__WHAT THE TASK ASKS__
Retype the data below exactly, skipping pictures.

__DATA SECTION__
===
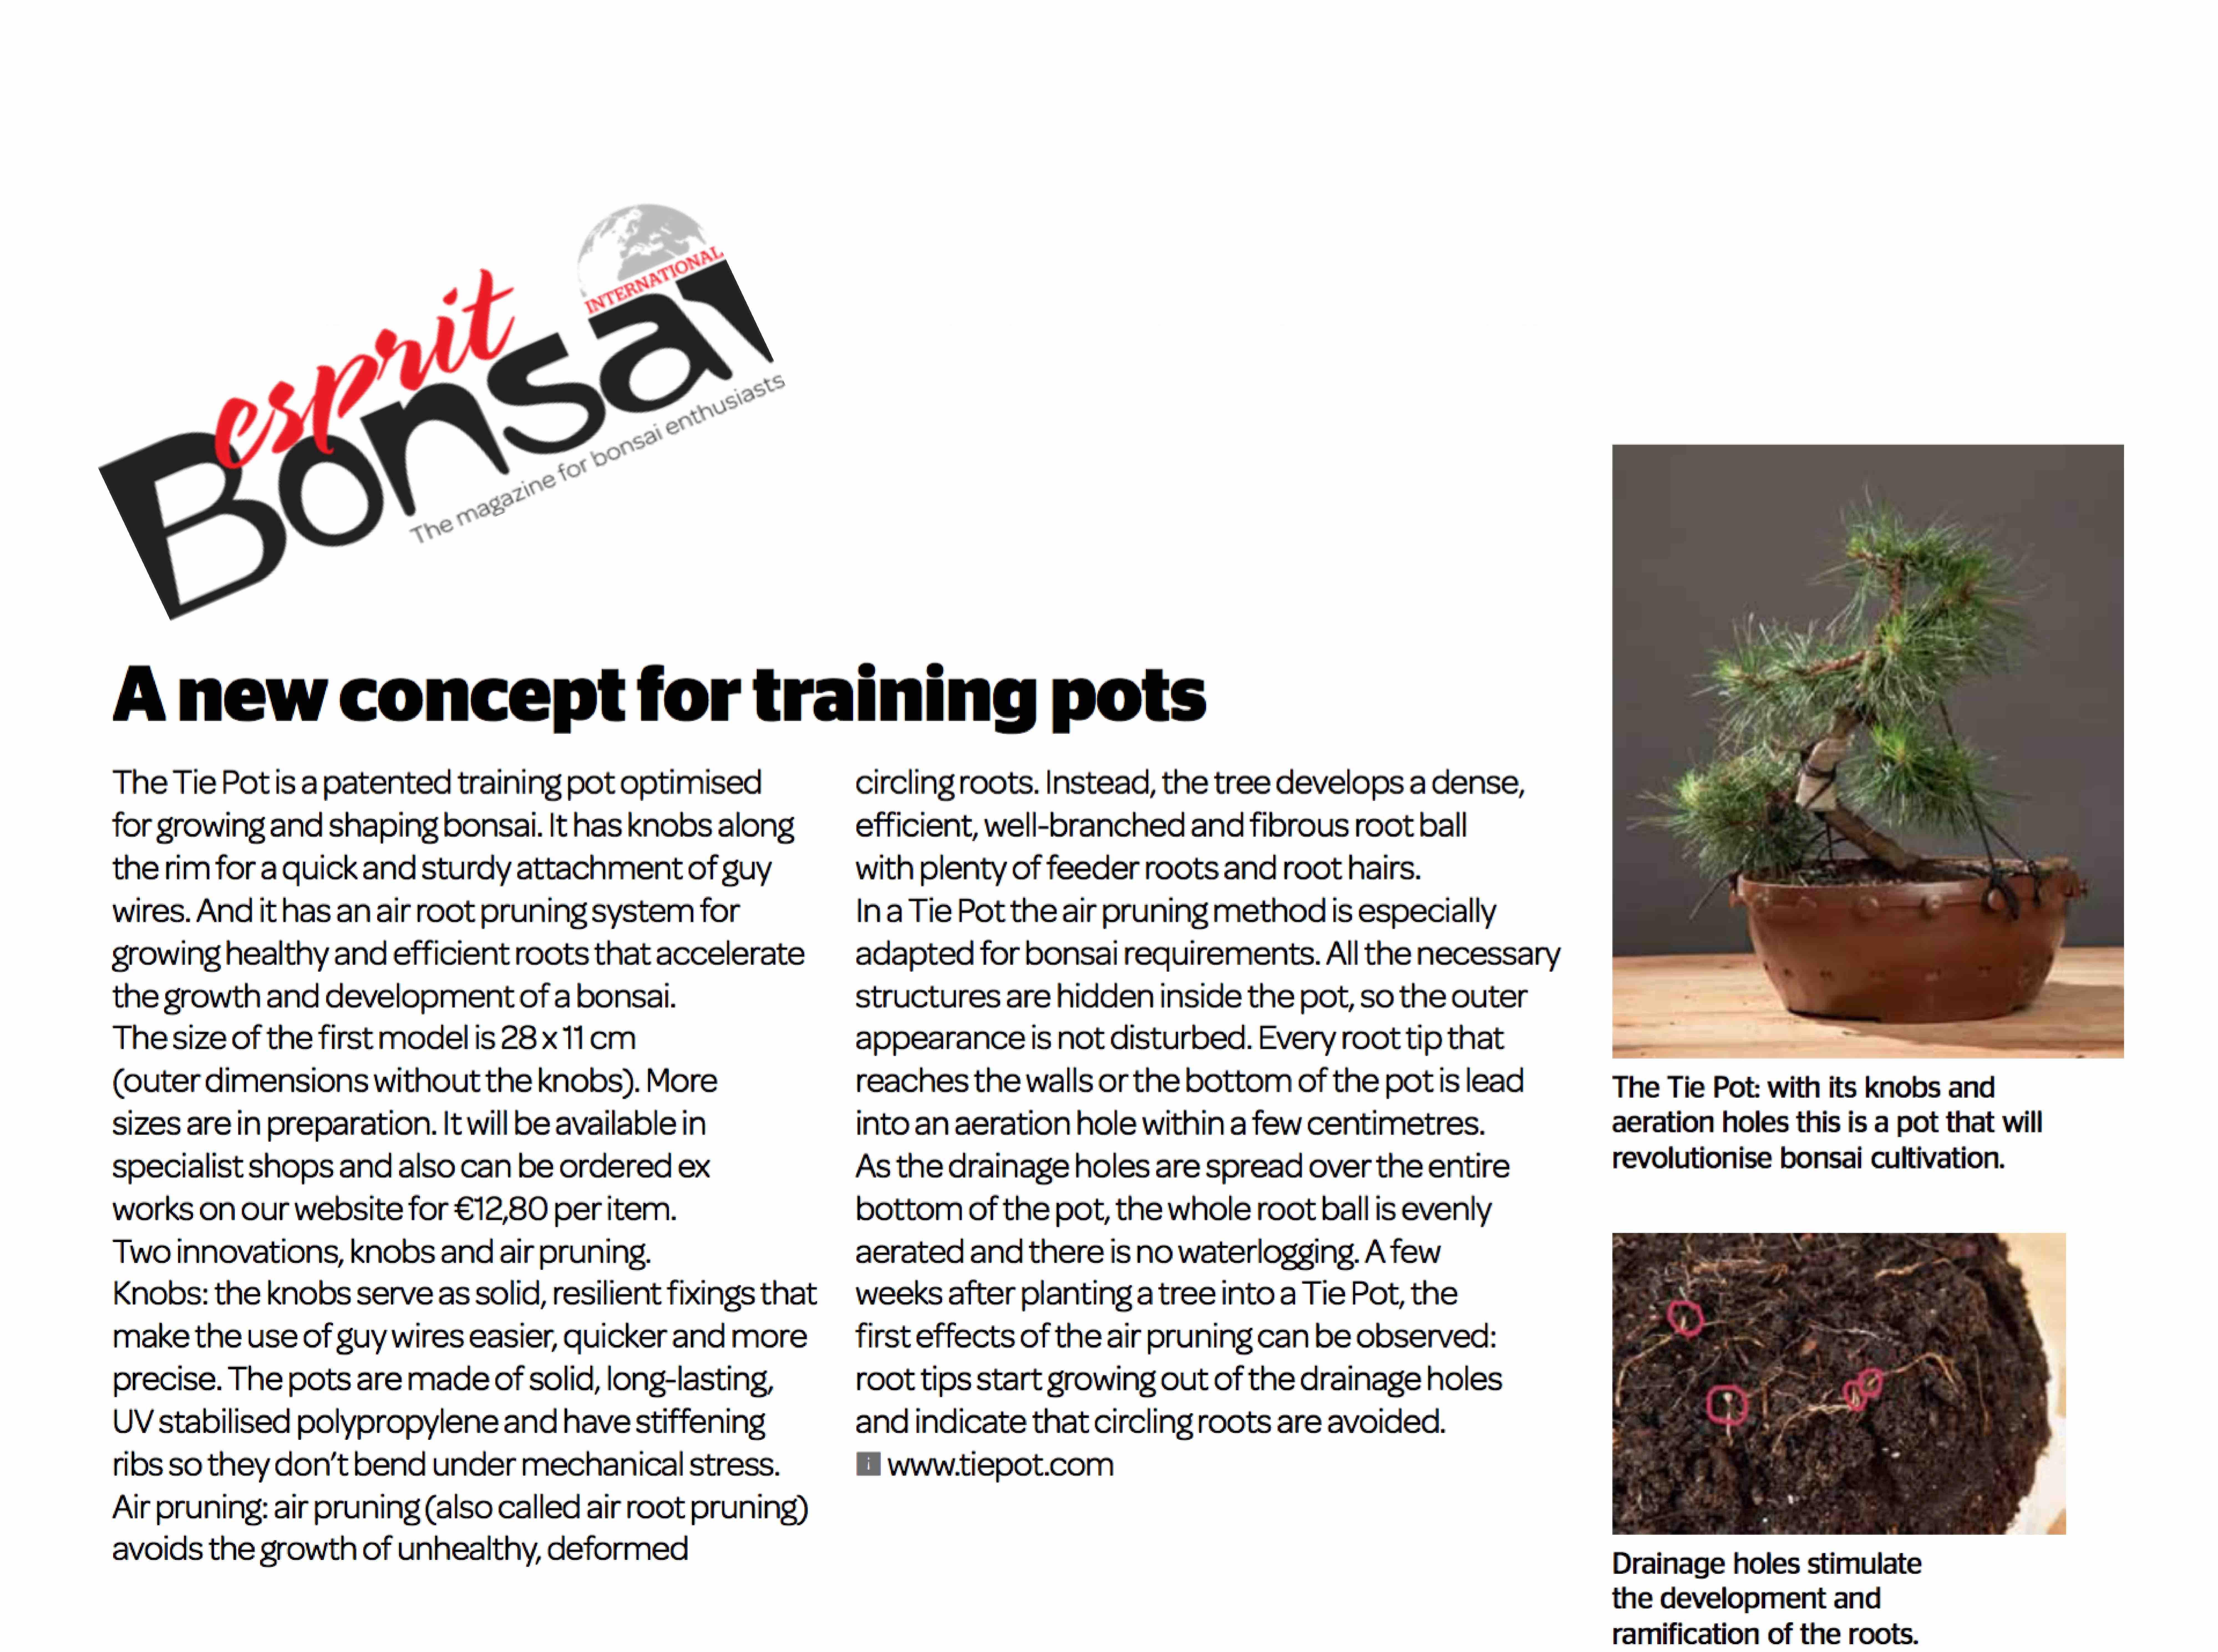 A new concept of traininig pots-2
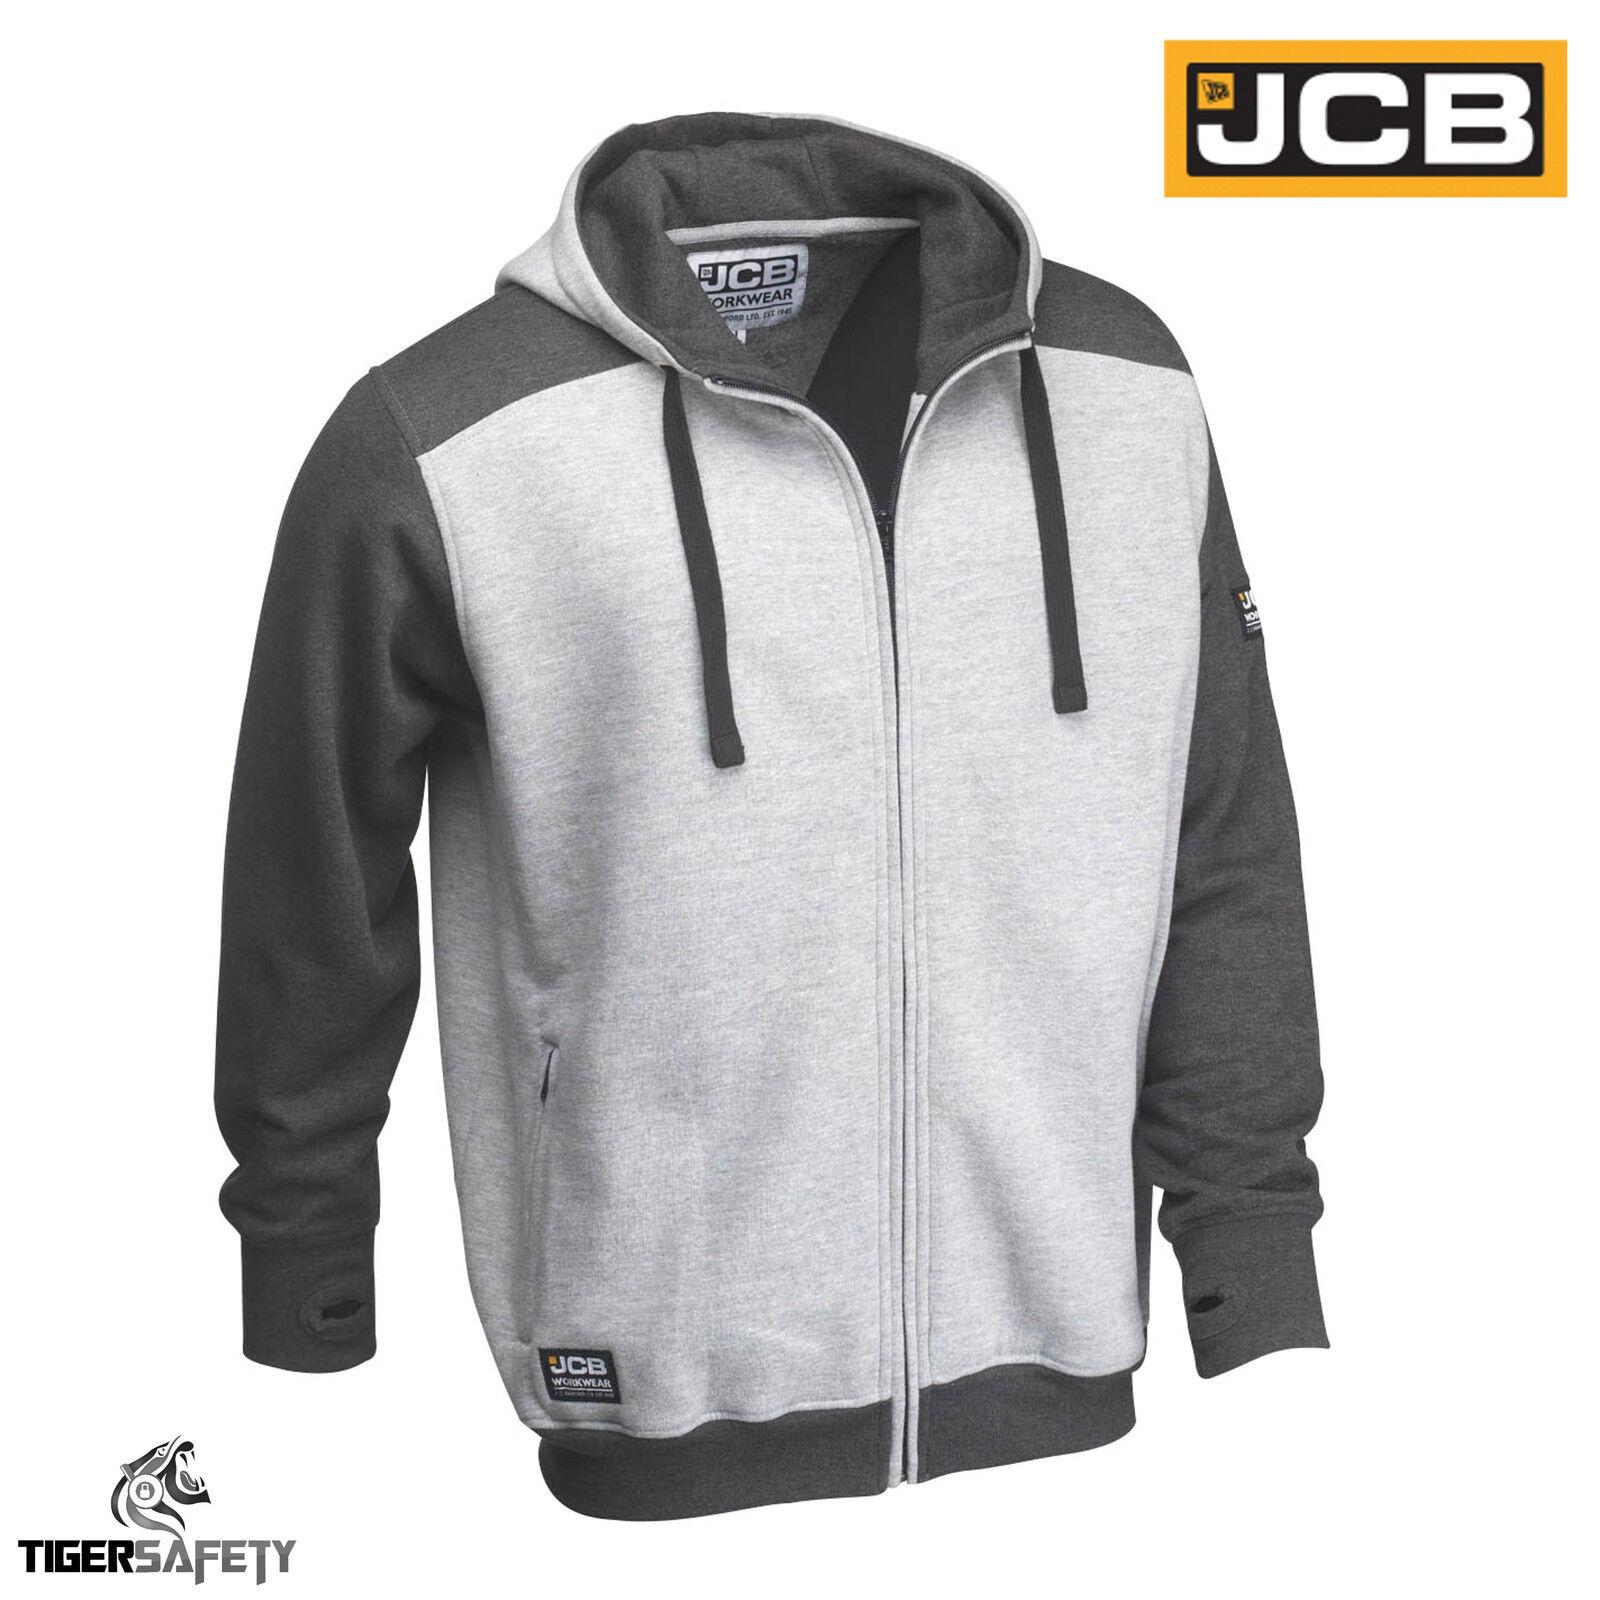 JCB Trade Two-Tone Grey Hooded Top Hoodie Sweatshirt Workwear Work Top Hoody
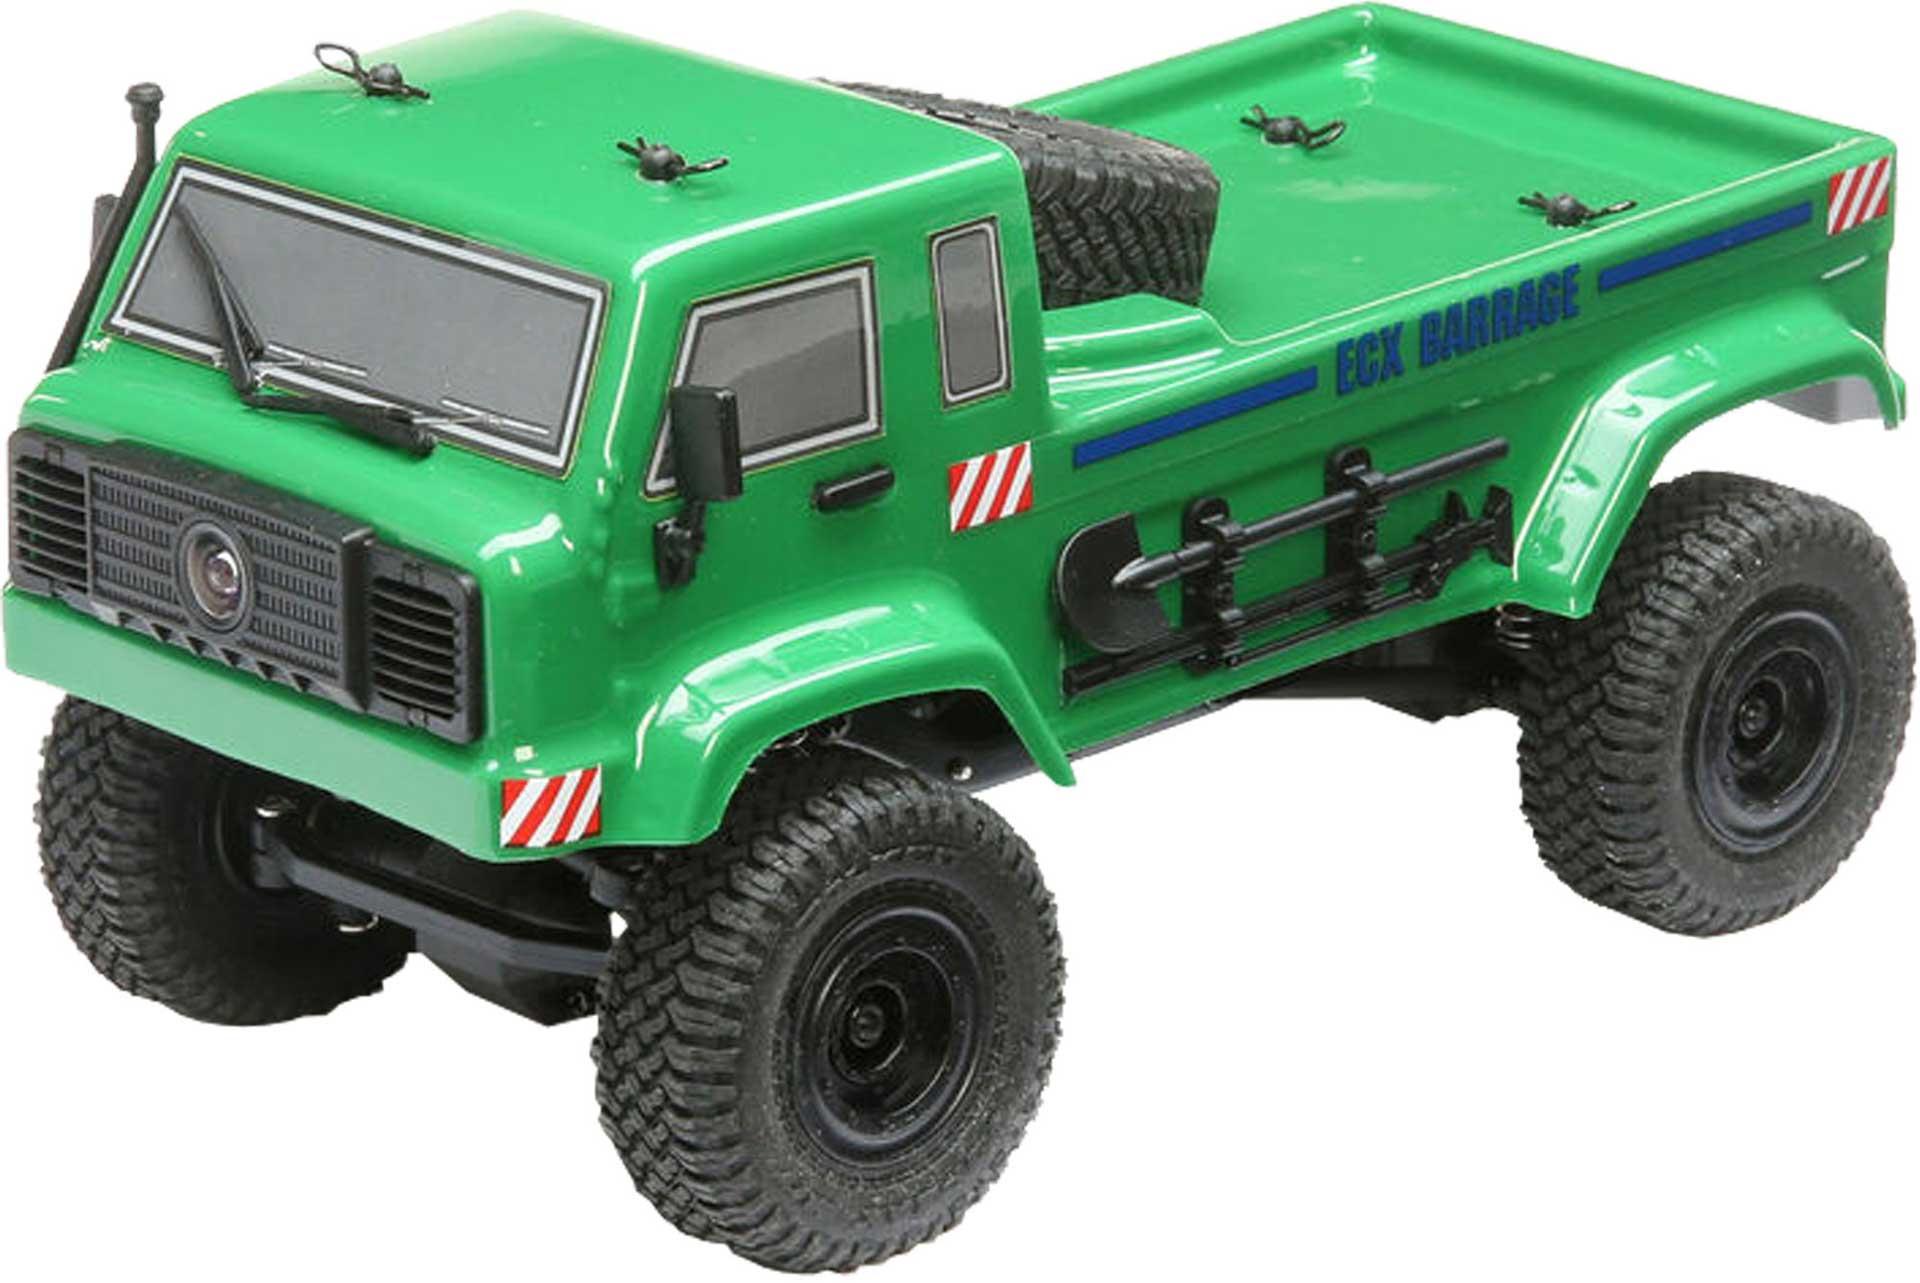 ECX BARRAGE UV 4WD SCALER CRAWLER RTR FPV 1/24 GRÜN
===
__TASK SOLUTION__
 A new concept of traininig pots-2
 JCB Trade Two-Tone Grey Hooded Top Hoodie Sweatshirt Workwear Work Top Hoody
 ECX BARRAGE UV 4WD SCALER CRAWLER RTR FPV 1/24 GRÜN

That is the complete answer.